Bono is a Tool
Bono's latest attempt to save the world is through the power of consumerism and credit card debt. He has allied himself with The Gap, Armani, Converse, and American Express, among others, in a "Product Red" campaign to eliminate poverty through the purchase of designer clothing and other luxury goods (and with a special red American Express card that is "designed to eliminate HIV in Africa").
Good intentions aside, the folly of Bono's plans to end the problems of hunger and poverty by working through some of the very neoliberal institutions that inflame and sustain those problems has been pretty well documented. But the "Product Red" campaign looks like a new gold standard for cynical, corporate ploys designed to extract money from consumers hoping to make a difference by buying something.
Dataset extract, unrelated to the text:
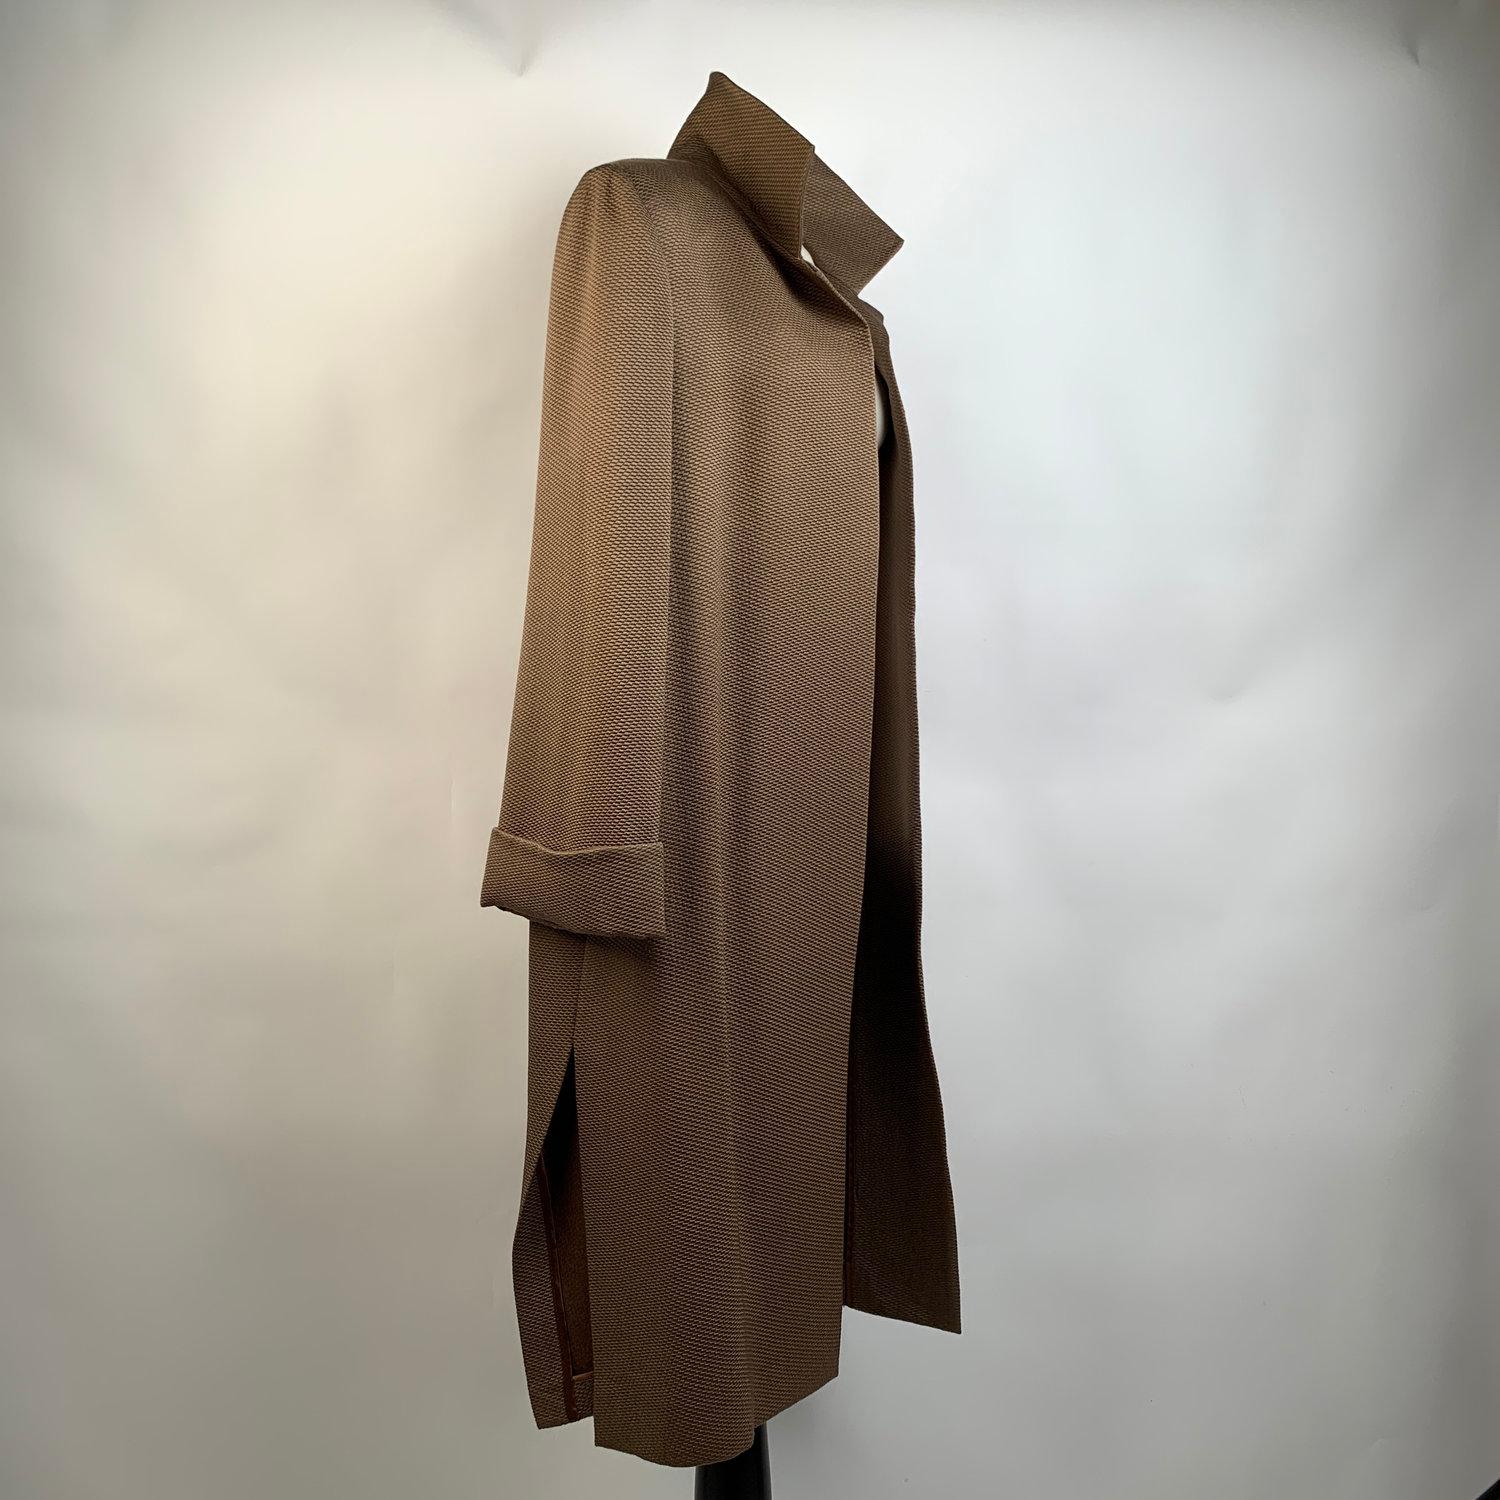 Galitzine Couture Vintage Light Brown Dustcoat Open Front Coat 2

The latest issue of Rock & Rap Confidential spells all this out in a cheerfully muckraking article, pulling no punches. The story does not seem to be available online, so I've reproduced it here from their email newsletter, for your edification:
In January, Bono announced his latest campaign to save the poor through capitalism--or rather, the other way around. This is Red, a marketing scam which finds the increasingly deranged U2 frontman in business with Nike Converse, The Gap, Giorgio Armani and American Express. Red products include Converse sneakers made from "African mudcloth," "vintage" Gap t-shirts, Armani wraparound sunglasses, and a red American Express card. The companies will donate "a portion" of their profits to fighting AIDS in Africa, the continent for whose poor Bono claims to be the spokesman. This portion is for the most part unspecified (American Express promises 1% of spending). Nor is it specified whether Bono takes a cut--presumably he would be crowing if he weren't, as he did when U2 pimped iPods for free.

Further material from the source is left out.